The first step in the analysis is to describe the system with enough detail to enable an initial analysis such as a preliminary hazard/threat/vulnerability analysis. In this example the design is in concept refinement and the analyst has been tasked to provide input from a system safety view. Consequently the analyst decides to conduct for example a preliminary hazard analysis, or a process hazard analysis.

System Assurance

A word of caution...depending on resources and the complexity of the system the analyst may work with subject matter experts to acquire as mush knowledge about the system as possible. Supportive analyses may be conducted concurrently in other specialty-engineering disciples in system assurance such as human factors, reliability, security, and maintainability engineering. After appropriate knowledge is acquired some analysts may be able to initially construct various analyses alone. Attempting to conduct analyses in groups is laborious and time consuming. It is recommended that once initial analysis work has been conducted experts can be used to further refine the analysis. Time and time again, depending on backgrounds, experience, and perceptions about system safety excessive discussion and debate can occur. Not all consensuses are effective. There is a skill to facilitate effective analysis via a group.

Example System

The example system provides for the underground storage of a highly dangerous hazardous material. If the material comes in contact with air or water it is highly toxic, reactive, volatile, and it can explode. The material is also very corrosive. Due to the dangerous nature of the material it has been decided to store the material deep underground, in a storage tank and piping are made of material that is compatible with the substance, stainless steel. The material will be fed underground to the process facility, based upon demand determined and indicated by a computer control processor. The processor automatically activates the feed valve at the facility and remote valves at the tank. The computer monitors the facility operation and automatically distributes the hazardous material. The computer also monitors the hazardous storage for temperature, pressure, and external leakage. If the monitored parameters are out of specification the computer activates the appropriate safety device, a relief subsystem and scrubber to clean and/or burn off any material that may leak. There are also various alarms.

The computer monitor is redundant. There is a local monitor at the remote storage site and a monitor at the facility. A human operator who oversees the total operation further backs up all automatic functions. The operator is located at the facility control center. It the event of an emergency all functions can be accomplished manually and automation can be bypassed. Each computer monitor has a display, which graphically indicates the monitored parameters, temperature, pressure and leakage. There are audio and visual alarm indicators.

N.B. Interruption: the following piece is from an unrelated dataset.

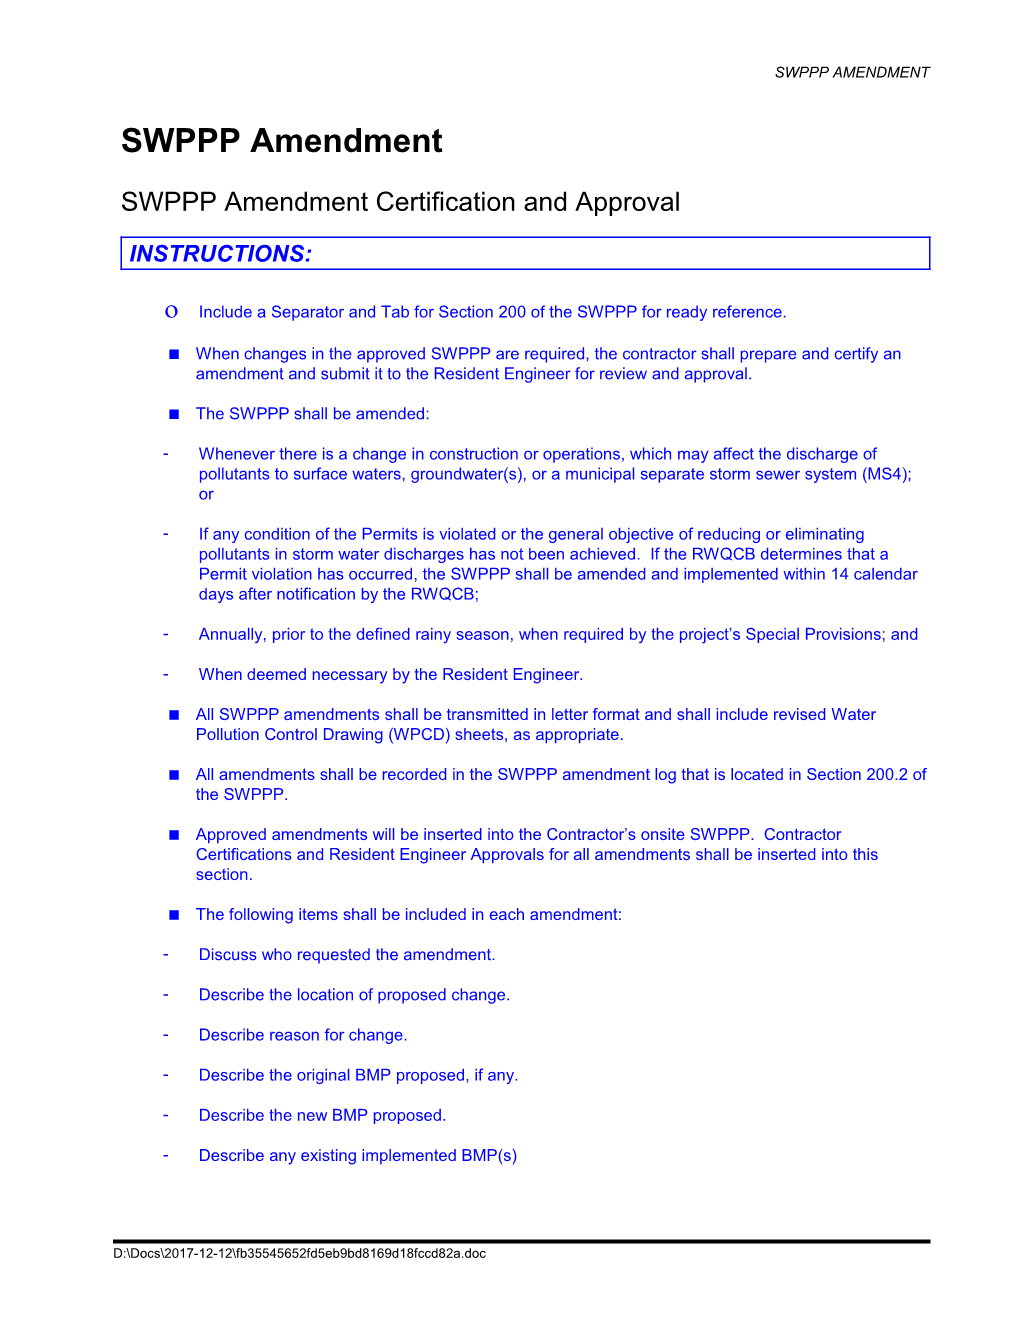 SWPPP Amendment Form

There are many ways to initially approach this effort and many individual analyses to consider. To conduct an inclusive system hazard analysis here are a number of analyses that should be conducted. The following information is not all-inclusive. Depending on the analyst experience and background a number of analyses can be conducted simultaneously. Experienced system analysts can directly construct accident scenarios/adverse event that can address the following.  

  • Since there is hardware the analyst may conduct a failure modes and effects analysis. All physical component failures and causes are listed. Components can fall on or off, or in a partially open state. Flow can be affected by blockage or contamination. Seals and connections can excessively leak. Wear and degradation can occur within moving parts. Material incompatibility can cause corrosion resulting in failure. Vibration can cause failures. Components can be physically damaged. There can be installation, assembly, and maintenance errors that can cause failures. The environment can adversely affect physical components, earthquake, flood, water intrusion, ice, temperature cycling. Vandalism and security threat can cause damage. Vehicle damage and ground loading can cause failures. There may be physical common events that can cause catastrophic failure.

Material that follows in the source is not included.